In this month’s issue of the Queue, the staff reads up on the grand opening of Dilworth Plaza in Philadelphia by OLIN, wonders at the possibilities of a man-made leaf, and gets down with Greenpeace and Reggie Watts on climate change.
CATCHING UP WITH…
- Dilworth Plaza’s makeover by OLIN (“Follow the Lines,” LAM, January 2014) opens on September 4 in Philadelphia with new transit access, a fountain (and in winter, an ice rink), art, and Cuban food in what had been a desolate sunken plaza.
- Harsh contentions arise in a current forensic audit on Great Park, designed by Ken Smith in Irvine, California (General Design Honor Award, LAM, August 2009).
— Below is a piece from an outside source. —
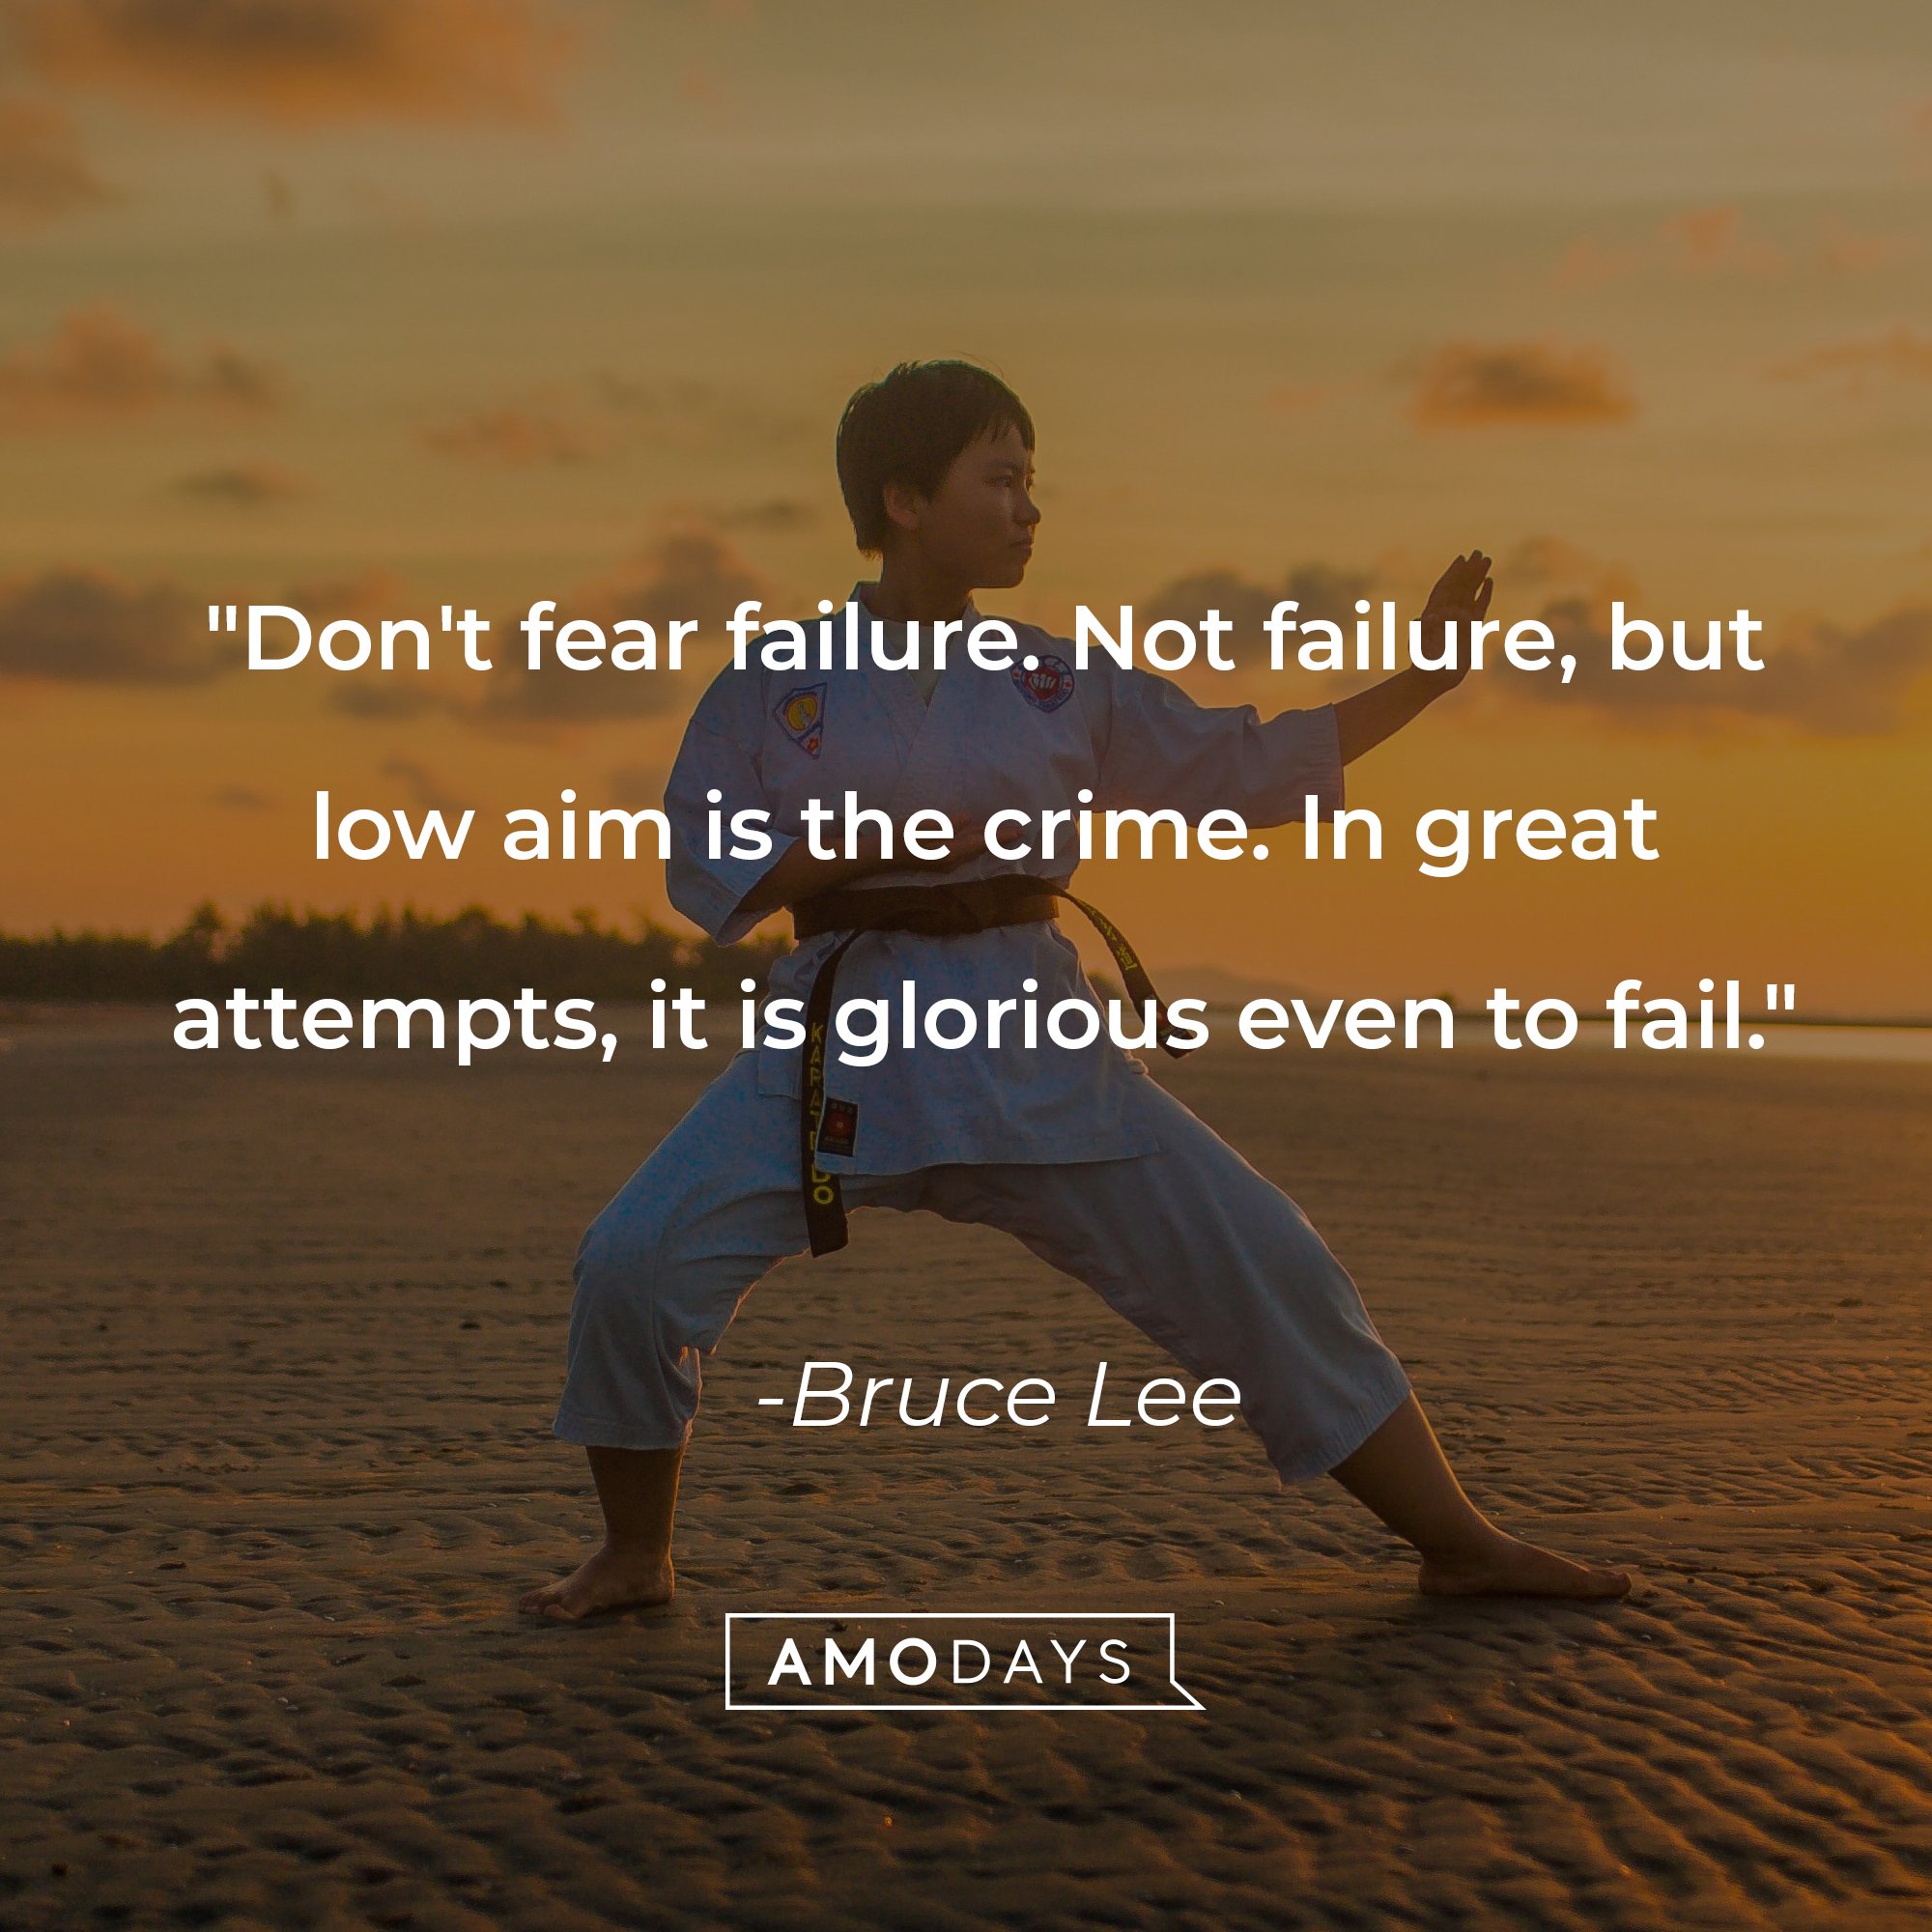 Bruce Lee’s quote: "Don't fear failure. Not failure, but low aim is the crime. In great attempts, it is glorious even to fail." | Image: AmoDays

According to the L.A. Times, the audit finds that more than $200 million has been spent on the project, yet the park has little to show for it.
- Dezeen reports on Julian Melchiorri, a graduate of the Royal College of Art in the UK, who thinks he’s got long-distance space travel figured out with his new invention—the world’s supposedly first photosynthetic material that absorbs water and carbon dioxide to create oxygen.
- Looking at climate change and rising sea levels, the township of Choiseul Bay, 6.6 feet above sea level in the Solomon Islands, is moving to where it will be a little less wet in the future.
- Think pedestrian crosswalk time limits are too short? Planners in Singapore thought so, too, which is why they recently expanded their Green Man Plus program, a system that allows the elderly and disabled to activate extra time for street crossing with the use of a special card.
OUT AND ABOUT
- Lines and Nodes, a symposium and film festival that will take on media, infrastructure, and aesthetics, will take place September 19–21 in New York.
DISTRACT ME FROM MY DEADLINE DEPT.
- If you can’t find this bus stop in Baltimore, then you’re not looking hard enough.
- World’s first “unstealable” bike calls to mind claims made by a certain “unsinkable” ship.